The best thing I did for myself, was to work on myself and have clearly defined goals when every tom, dick and harry was demotivating me. Not one of the thousands of remarks made on me have I forgotten. I am scarred by the myriad of words thrown on my weight and looks over the years; when they can’t fat shame you, they fitness shame you or maybe point your left out cellulite and muffin top!

The only good that came from years of this ordeal, is that I never, never comment on someone’s body structure and that an important criteria on which I judge people is the way they look down on different body shapes and structures. If you comment on how a person of a certain body type is wearing a certain dress and how that is silly, I am sorry to have clearly and correctly labelled you as superficial.

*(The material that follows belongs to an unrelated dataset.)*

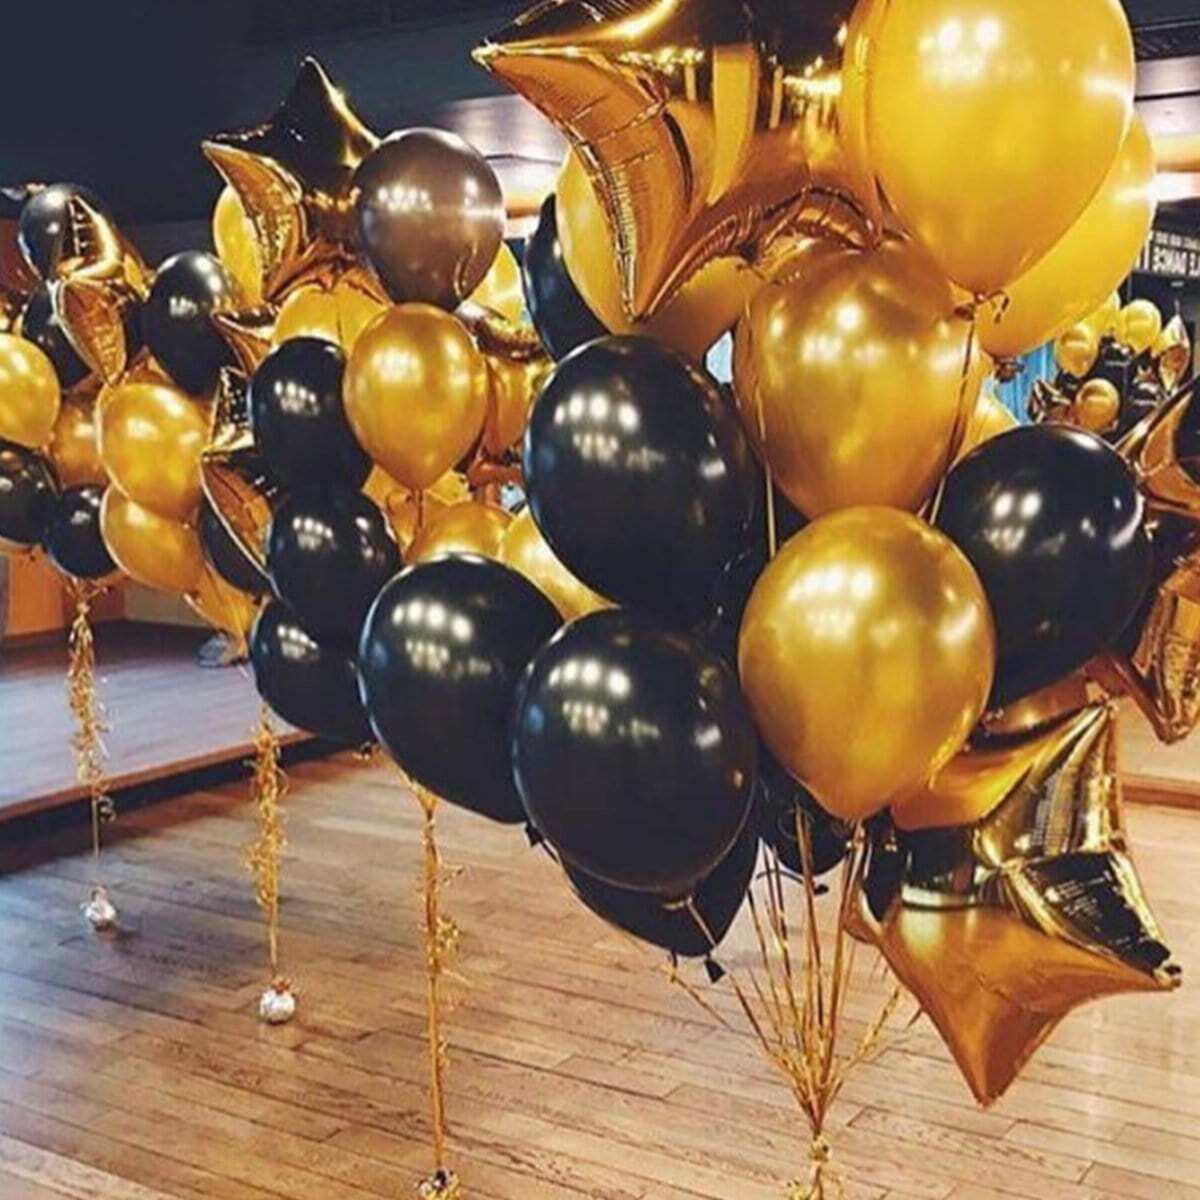 Случайный цветный круглый воздушный шар 10 шт и воздушный шар в форме звезды 3 шт фото

It is never easy to dismiss what years of shaming and abuse can do to a person and to reclaim my body from myself seems as a herculean task that I might never muster enough courage to accomplish.  The apprehensions on getting intimate, the insecurities about my own body may not get washed away in a day or two. But, the one thing that I can do is force myself to get up, wear that little black dress I have always had an eye on but not dare put it on or kiss the man I love without letting any trace of guilt tag along.

This New Year, my resolution is to not let anyone, but me, have a say on my body, my choices and my lifestyle. This New Year, I vow to reclaim my body from myself.